Practitioner’s guide to Trustworthy AI

Published in

IBM Data Science in Practice

12 min readSep 19, 2022

Co-authored by Maleeha Koul, Data Scientist with IBM Data Science Elite, and Courtney Branson, Data Scientist with Expert Labs Trustworthy AI Practice.

What does it take to trust a decision made by a model? There is no one answer to this question and in fact, trustworthiness has many facets, or what we sometimes call ‘pillars’. Some commonly discussed pillars are drift, quality, fairness, explainability, transparency, privacy, adversarial robustness, and more. Each of these pillars considers very different aspects of trust in AI. The pillars are also not all created equal depending on the model and use case in question. Knowing how the data coming into the model has changed over time may be top of mind for one use case, whereas for another we may care more about whether the model is biased against certain demographic groups. It’s important to spend time thinking about these different areas before any development starts to ensure you’re putting the proper guard rails in place to ensure trustworthiness at every step of the AI build process. In this blog, we will look at the first four pillars namely drift, quality, fairness, and explainability, in more detail.

What is trustworthy AI?

AI workflows with predictive models are incomplete and practically non-operational for a business if they cannot be ‘trusted’. Model metrics for validating the performance can be evaluated in multiple ways like accuracy, error, etc., on test data and hold-out datasets.

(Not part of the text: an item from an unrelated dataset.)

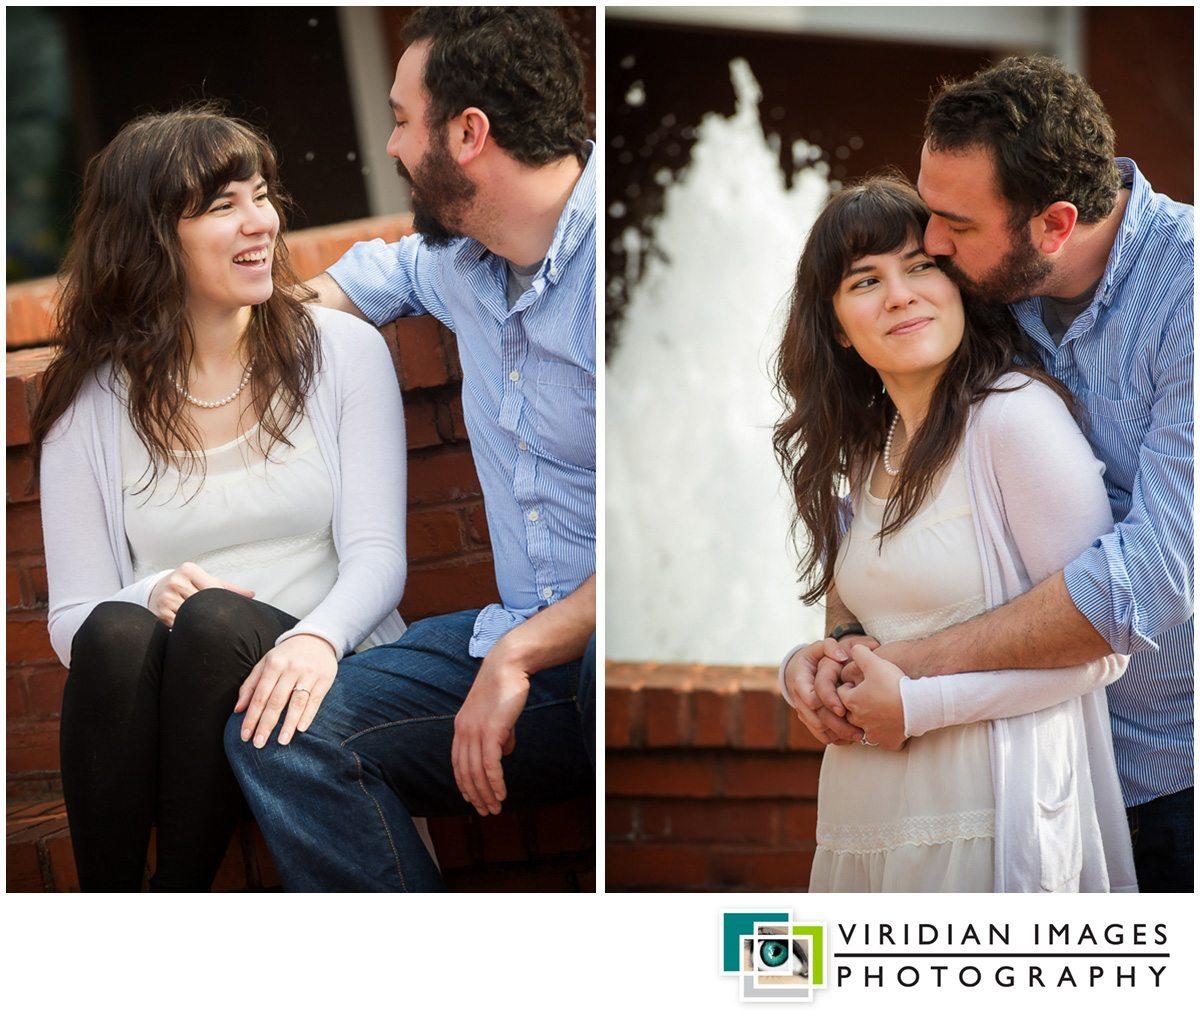 Vinings_engagement_I_J_ViridianImages_photo_2

However, it’s not enough for a model to be trusted in production. A model in business operations needs to meet KPIs and provide value to an end user along with addressing any concerns of bias. These concepts of model monitoring encompass the notion of Trustworthy AI. A model which cannot provide a complete picture of the predictions can often be rendered useless eventually. For example, if a banker doesn’t know ‘why’ a specific person was predicted as risky for issuing credit, they cannot make an informed decision and hence the value of the AI model/workflow is almost negligible. The model predictions would instead be useful to the banker if a holistic picture of the prediction itself is provided in terms of what’s driving the prediction, how can it be changed (if possible), etc. Business users embedding AI models in their applications can leverage the explainability feature to better understand which factors contributed to an AI outcome for a specific transaction. For example, if a customer is denied a loan and that decision is partly due to an AI model prediction, the business needs to deliver a clear explanation of the decision to the customer. Overall, increase efficiency, coverage, and confidence in your models.

Getting started

To get started with Trustworthy AI in operation, this blog will use an example of credit risk where we use a machine learning model to predict whether a customer poses a risk of defaulting on the loan they are requesting. For a bank, it’s critical to understand the behavior and history of their customers to help make important decisions like issuing a loan or credit. However, it is very time intensive for bank employees (ie. the loan issuers) to go through this entire process on their own. So for better banking, this machine learning model predicts the customer’s riskiness to aid in the bank employee’s decision-making process for whether to approve the customer for a loan.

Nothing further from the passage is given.